» **YOUR GOAL**: Go to the line holding "002 Examination Should" in the entries below and write out exactly every line down to and including the line holding "Ноутбук Lenovo 320 15.6".

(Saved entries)
-----

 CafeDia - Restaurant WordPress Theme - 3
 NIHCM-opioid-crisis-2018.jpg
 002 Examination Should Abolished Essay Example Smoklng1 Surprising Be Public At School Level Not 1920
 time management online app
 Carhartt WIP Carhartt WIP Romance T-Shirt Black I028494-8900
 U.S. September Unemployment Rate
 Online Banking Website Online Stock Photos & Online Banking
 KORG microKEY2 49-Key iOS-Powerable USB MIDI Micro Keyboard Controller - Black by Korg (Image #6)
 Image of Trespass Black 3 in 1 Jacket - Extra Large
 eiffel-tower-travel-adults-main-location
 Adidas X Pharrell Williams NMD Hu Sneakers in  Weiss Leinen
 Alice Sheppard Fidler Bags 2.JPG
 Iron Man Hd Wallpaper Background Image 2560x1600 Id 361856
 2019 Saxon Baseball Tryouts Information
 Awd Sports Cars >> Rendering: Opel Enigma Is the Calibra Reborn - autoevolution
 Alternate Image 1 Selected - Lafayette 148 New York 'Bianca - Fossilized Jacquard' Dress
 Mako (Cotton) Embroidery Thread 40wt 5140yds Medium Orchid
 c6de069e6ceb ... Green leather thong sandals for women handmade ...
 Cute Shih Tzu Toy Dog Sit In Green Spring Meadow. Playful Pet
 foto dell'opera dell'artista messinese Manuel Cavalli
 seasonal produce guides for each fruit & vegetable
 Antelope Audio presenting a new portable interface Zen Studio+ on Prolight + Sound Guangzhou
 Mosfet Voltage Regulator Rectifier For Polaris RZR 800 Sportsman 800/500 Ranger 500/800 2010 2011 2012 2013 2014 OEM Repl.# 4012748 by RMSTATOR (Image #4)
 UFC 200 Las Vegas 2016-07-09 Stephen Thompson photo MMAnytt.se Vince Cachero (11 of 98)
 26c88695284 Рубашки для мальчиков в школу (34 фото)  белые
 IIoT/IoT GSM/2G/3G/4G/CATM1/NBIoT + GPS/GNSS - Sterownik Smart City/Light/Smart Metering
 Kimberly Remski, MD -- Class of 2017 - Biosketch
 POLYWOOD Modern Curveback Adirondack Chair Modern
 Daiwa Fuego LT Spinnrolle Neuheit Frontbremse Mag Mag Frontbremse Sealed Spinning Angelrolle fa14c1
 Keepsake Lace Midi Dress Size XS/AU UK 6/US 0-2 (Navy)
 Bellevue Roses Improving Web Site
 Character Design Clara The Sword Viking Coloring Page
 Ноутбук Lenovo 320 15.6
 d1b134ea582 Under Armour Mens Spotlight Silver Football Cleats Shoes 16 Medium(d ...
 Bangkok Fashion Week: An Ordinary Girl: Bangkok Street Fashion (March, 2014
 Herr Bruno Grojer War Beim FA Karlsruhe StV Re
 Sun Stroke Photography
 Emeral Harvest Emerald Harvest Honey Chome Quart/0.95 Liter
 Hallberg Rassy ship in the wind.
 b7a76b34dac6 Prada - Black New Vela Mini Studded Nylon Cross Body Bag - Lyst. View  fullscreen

-----

» **WORKED SOLUTION**:
 002 Examination Should Abolished Essay Example Smoklng1 Surprising Be Public At School Level Not 1920
 time management online app
 Carhartt WIP Carhartt WIP Romance T-Shirt Black I028494-8900
 U.S. September Unemployment Rate
 Online Banking Website Online Stock Photos & Online Banking
 KORG microKEY2 49-Key iOS-Powerable USB MIDI Micro Keyboard Controller - Black by Korg (Image #6)
 Image of Trespass Black 3 in 1 Jacket - Extra Large
 eiffel-tower-travel-adults-main-location
 Adidas X Pharrell Williams NMD Hu Sneakers in  Weiss Leinen
 Alice Sheppard Fidler Bags 2.JPG
 Iron Man Hd Wallpaper Background Image 2560x1600 Id 361856
 2019 Saxon Baseball Tryouts Information
 Awd Sports Cars >> Rendering: Opel Enigma Is the Calibra Reborn - autoevolution
 Alternate Image 1 Selected - Lafayette 148 New York 'Bianca - Fossilized Jacquard' Dress
 Mako (Cotton) Embroidery Thread 40wt 5140yds Medium Orchid
 c6de069e6ceb ... Green leather thong sandals for women handmade ...
 Cute Shih Tzu Toy Dog Sit In Green Spring Meadow. Playful Pet
 foto dell'opera dell'artista messinese Manuel Cavalli
 seasonal produce guides for each fruit & vegetable
 Antelope Audio presenting a new portable interface Zen Studio+ on Prolight + Sound Guangzhou
 Mosfet Voltage Regulator Rectifier For Polaris RZR 800 Sportsman 800/500 Ranger 500/800 2010 2011 2012 2013 2014 OEM Repl.# 4012748 by RMSTATOR (Image #4)
 UFC 200 Las Vegas 2016-07-09 Stephen Thompson photo MMAnytt.se Vince Cachero (11 of 98)
 26c88695284 Рубашки для мальчиков в школу (34 фото)  белые
 IIoT/IoT GSM/2G/3G/4G/CATM1/NBIoT + GPS/GNSS - Sterownik Smart City/Light/Smart Metering
 Kimberly Remski, MD -- Class of 2017 - Biosketch
 POLYWOOD Modern Curveback Adirondack Chair Modern
 Daiwa Fuego LT Spinnrolle Neuheit Frontbremse Mag Mag Frontbremse Sealed Spinning Angelrolle fa14c1
 Keepsake Lace Midi Dress Size XS/AU UK 6/US 0-2 (Navy)
 Bellevue Roses Improving Web Site
 Character Design Clara The Sword Viking Coloring Page
 Ноутбук Lenovo 320 15.6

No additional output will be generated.